The prevailing assumption in many economic development models is that informal or traditional sectors will, over time, "graduate" into more formalized or digital layers---a linear and hierarchical progression. However, empirical realities in Indonesia challenge this model. The 4-Layer Asymmetric Economy Model posits that these layers interact in non-hierarchical, parallel, and segmentative ways.

1. Non-Linear Progression

The four layers do not represent a linear staircase of development from "primitive" to "advanced." Many actors in Layer 1 (traditional economy) remain productive and profitable without ever transitioning to Layer 2 (industrial economy) or Layer 3 (digital platforms). Similarly, actors in Layer 2 may not adopt Layer 4 (AI-based systems) due to high complexity or misalignment with operational needs.

This calls into question development narratives that implicitly regard digitization or formalization as the sole trajectory of progress.

2. Segmentative Structure

Each layer is characterized by a self-sustaining internal logic---regarding labor organization, transactional tools, technological interface, and market relations. These logics do not necessarily intersect or flow naturally into one another. For example:

A small family-run food stall (Layer 1) may continue to thrive in a cash economy despite proximity to Layer 3's cashless customers.
A small factory (Layer 2) may operate with a formal structure but rely entirely on Layer 1's informal logistics and sales agents.
This segmentative reality creates friction and asymmetry in economic policymaking, as efforts to scale up or integrate sectors may overlook the incommensurability of their underlying systems.
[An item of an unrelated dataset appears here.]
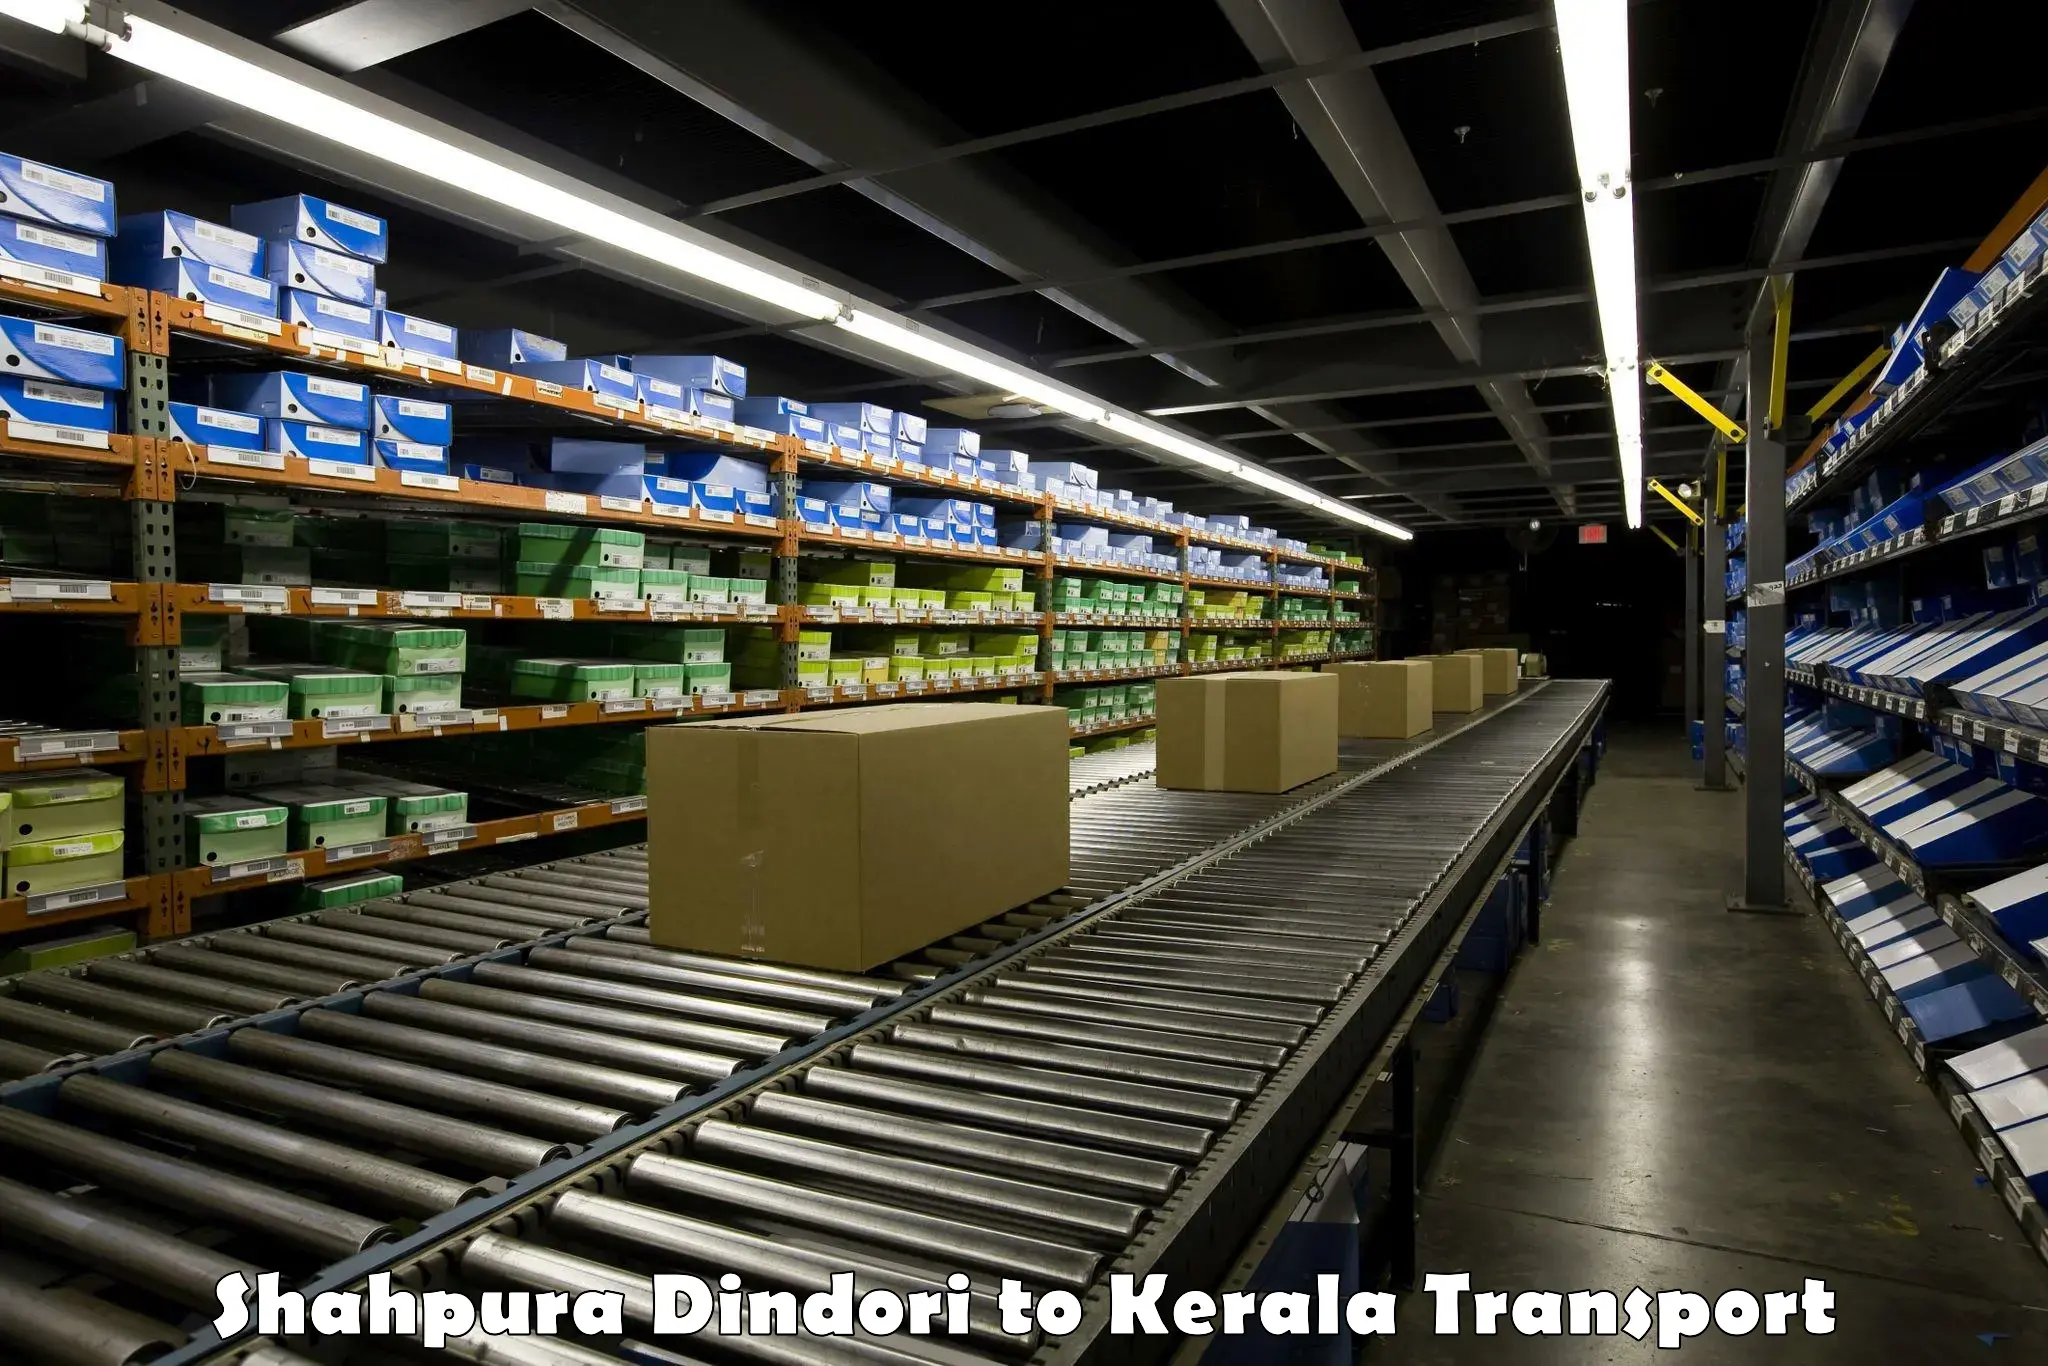 Truck transport companies in India Shahpura Dindori to Kakkayam

3. Parallel and Selective Interaction

While layers can and do interact, the connections are often selective, conditional, and asymmetric. For example:

A Layer 3 merchant selling on Shopee might source goods from a Layer 2 factory, but the factory itself may lack any digital presence.
A Layer 4 fintech application may offer microloans to Layer 1 street vendors using behavioral AI, yet without recognizing the vendor's actual market conditions or social capital.
QRIS adoption by a traditional vendor doesn't imply digital market integration---it may serve only as a payment tool, not a shift in business model.
These parallel flows of value, goods, and information signal that Indonesia's economy is not converging into a single digital economy, but expanding outward into multiple concurrent economies.